Bulk Inserts via SQLAlchemy and Flask-SQLAlchemy

Bulk Inserts via SQLAlchemy and Flask-SQLAlchemy

Problem

I ran into an issue today where I had to perform a bulk insert into a postgres DB. I was already using SQLAlchemy and Flask-SQLAlchemy to manage the connections to the db and I didn't want to have to use things like psycopg2 directly.

Solution

Note: SQLAlchemy provides an ORM. It isn't just an ORM. That is an important thing to be kept in mind. This means that you can bypass choose to not use the ORM layer when you don't want it. The idea with an ORM is to track changes to objects and when you have a case like that is when you'd use the ORM. In a bulk upload scenario, you don't need to track changes to objects. All you care is that everything be pushed into the DB.
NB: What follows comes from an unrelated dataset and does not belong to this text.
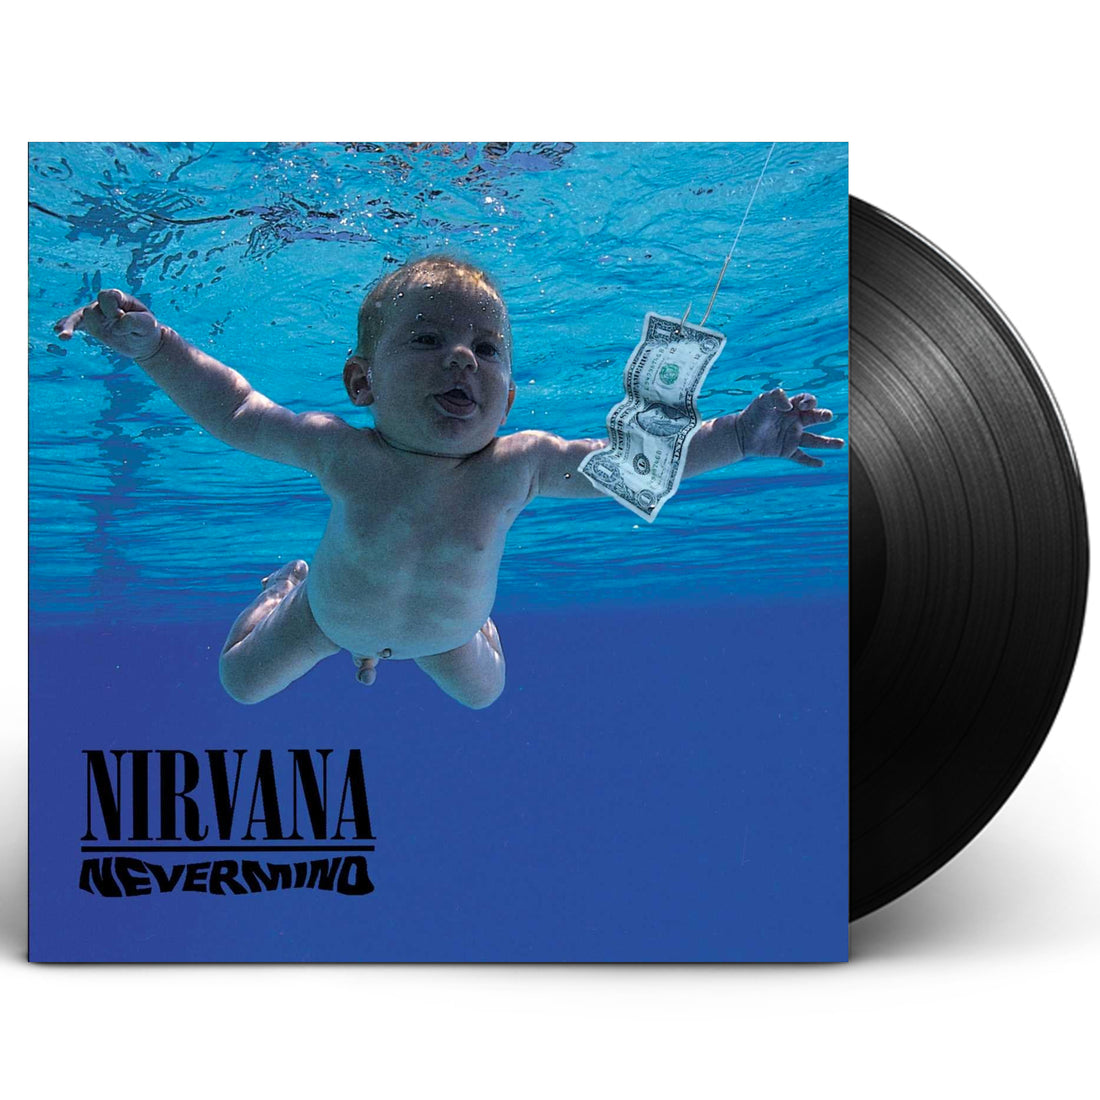 Nirvana "Nevermind" LP Vinyl

SQLAlchemy (and Flask-SQLAlchemy) lets us do this by using the engine directly. This is how I did it:

from xref import db
from xref.models import user

users = get_users_to_insert() 
db.engine.execute(user.__table__.insert(), users)

Of course this assumes that you have a list of dicts with the key names matching the Columns defined in your SQLAlchemy model.

Resources

@chefdarek
Copy link

chefdarek commented Nov 14, 2019

How'd you do that?
I have a list of dicts:
[{0: {'date': Timestamp('2018-11-15 00:00:00'),
'all_day': 17883,
'am': 11114,
'pm': 11944,
'id': 11944},
1: {'date': Timestamp('2018-11-16 00:00:00'),
'all_day': 16170,
'am': 6899,
'pm': 13914,
'id': 13914},
2: {'date': Timestamp('2018-11-17 00:00:00'),
'all_day': 27978,
'am': 13001,
'pm': 9064,
'id': 9064}]

A table in postrgres:
class SalesDaily(db.Model):
tablename= 'salesdaily'
id = db.Column(db.Integer, primary_key=True)
date = db.Column(db.DateTime, nullable=True)
all_day = db.Column(db.Integer, nullable=True)
am = db.Column(db.Integer, nullable=True)
pm = db.Column(db.Integer, nullable=True)

and when I try to call the function:
csv_file_path = 'Miseenplace/data/test_sales_daily.csv'

# Read CSV with Pandas
with open(csv_file_path, 'r') as file:
    df = pd.read_csv(file)
records = [df.to_dict('date')]
db.engine.execute(SalesDaily.__table__.insert(), records)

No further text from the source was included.